Según cifras de la Secretaría de Cultura, divulgadas en Milenio por el investigador Jesús Rubio Campos, del Colegio de la Frontera Norte, y de las que vale hacerse eco, solo 3.3% de la población regiomontana ha ido en toda su vida a un concierto de música clásica mientras en la Ciudad de México (su némesis histórico), goza de ellos el 19.2% de los chilangos.

Por géneros musicales 49% de los regios son afectos a la música grupera y al pasito duranguense, 28% a baladas pop, 15% a rock en español, 10% a las rancheras y solo un 0.8% al canto operístico. Los norteños son los últimos a escala nacional en contar en sus hogares con más de diez libros por hogar.

En esta sociedad de raquitismo cultural la salud mental es precaria. Casi un 30% padece o ha padecido enfermedades mentales como depresión, ansiedad, estrés postraumático que llevan a problemas graves como violencia intrafamiliar, feminicidios y alcoholismo, una nociva adicción que ya enferma como hábito cultural a la población regiomontana.

Por si lo anterior no fuera en sí de suyo preocupante, otros estudios llaman la atención sobre la crecientemente deteriorada personalidad del regiomontano promedio. Noventa y cinco por ciento de los estudiantes preparatorianos, según otro estudio de la UANL, tienen una percepción muy negativa de los indígenas. Lo manifiestan de diversos modos racistas no obstante que casi un ocho por ciento (412,000 habitantes) son parte de alguna etnia y en el estado se hablan 56 de las 62 lenguas indígenas nacionales.

El estudio señala que hay muy poca tolerancia al indígena sobre todo entre los jóvenes. Al preguntar a los alumnos preparatorianos si un maestro indígena les llegase a dar clase ¿qué pensarían?, la mayoría respondió: "que se equivocó de lugar y que está confundido".

No es una sorpresa que Nuevo León muestre tales niveles de malestar mental, incultura y racismo. Ya en 2014 ocupaba el primer lugar del Consejo Nacional para Prevenir la Discriminación (Conapred), y en 2016 la entidad acumulaba el mayor número de quejas por discriminación presentado ante el Conapred.

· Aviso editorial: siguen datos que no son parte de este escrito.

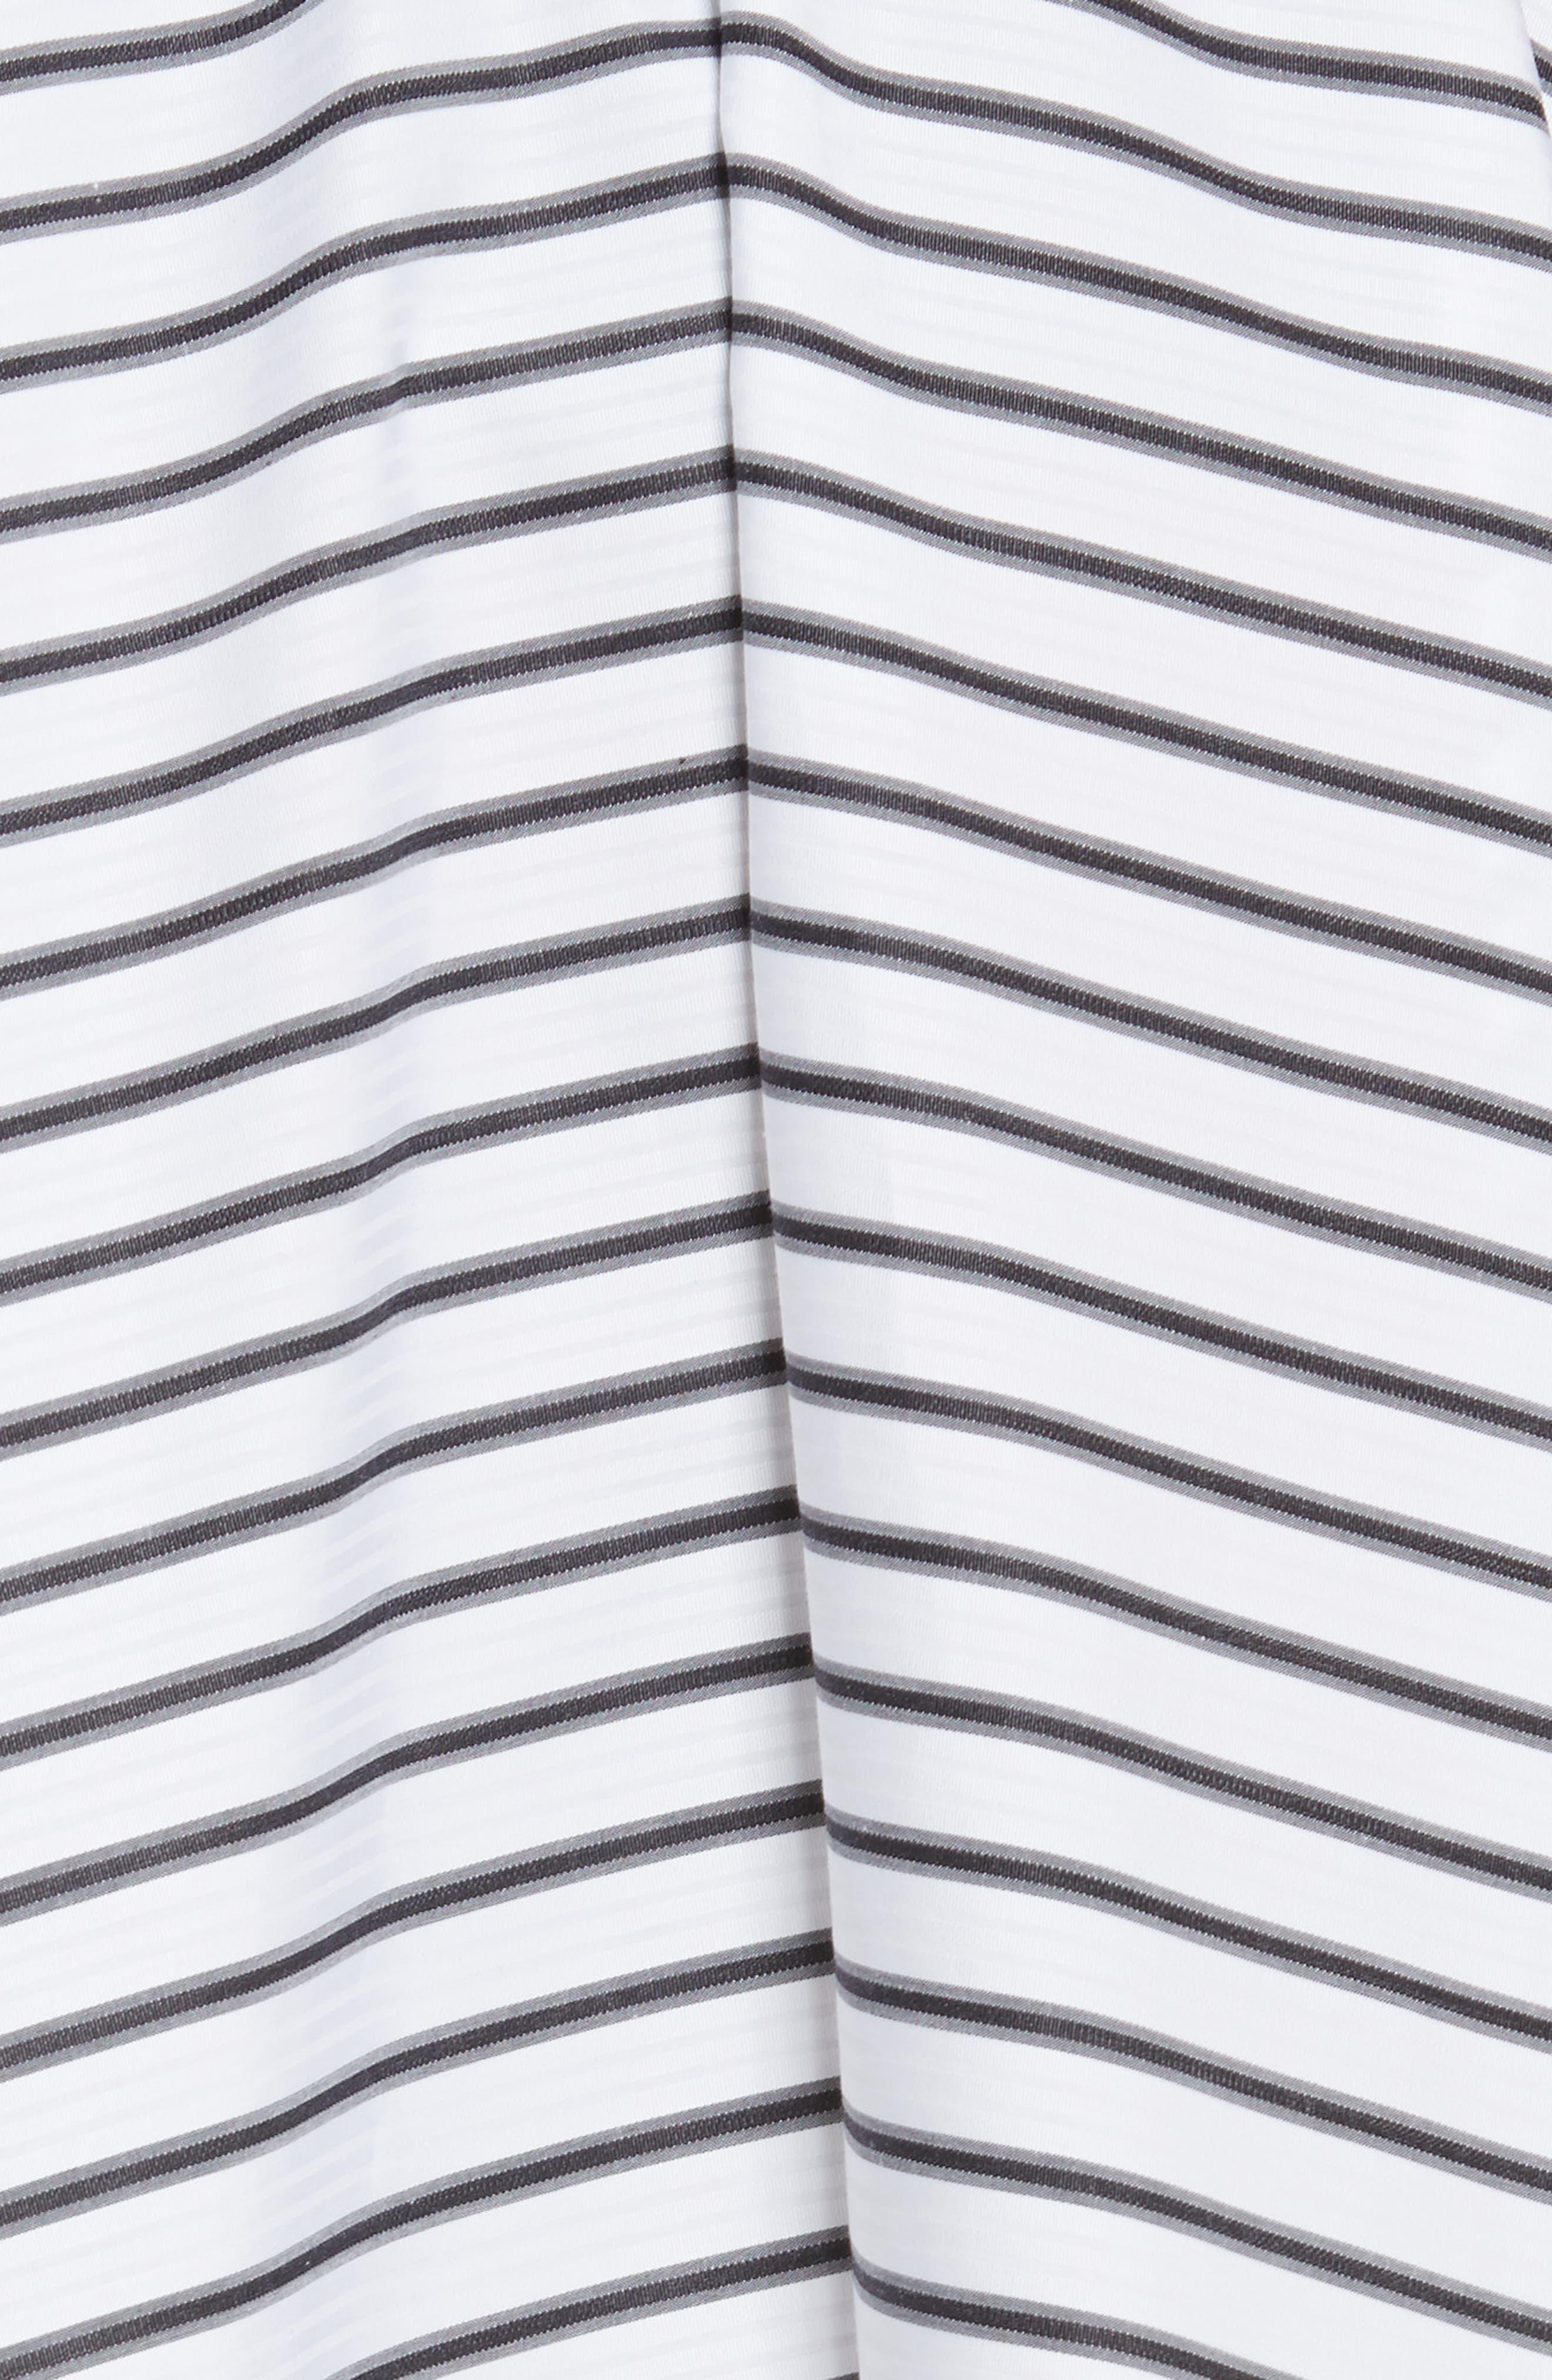 Adelle High/Low Ruffle Skirt,                             Alternate thumbnail 5, color,

Encima de lo anterior mientras en Nuevo León El Bronco azuza a los maestros a ponerles la mano encima a sus alumnos ("agarrar la chancla") sin temor a ser demandados (medida escandalosa que en Monterrey no movió las cejas de nadie), en la Ciudad de México, la Unicef, el Gobierno Federal y el de Mancera firman un acuerdo para prevenir el maltrato infantil en las aulas. En cambio en Nuevo León el gobernador lo promueve entre los maestros, ofreciéndoles protección.

Ocupada como ha estado la iniciativa privada en promover supuestas bondades (ya hace mucho inexistentes) de una "marca Monterrey" de plástico, ignorando los síntomas de agudo malestar social, y con el gobierno ausente de las señales de grave deterioro ciudadano, la otrora orgullosa Sultana se encamina hoy a la indigencia en todos sentidos.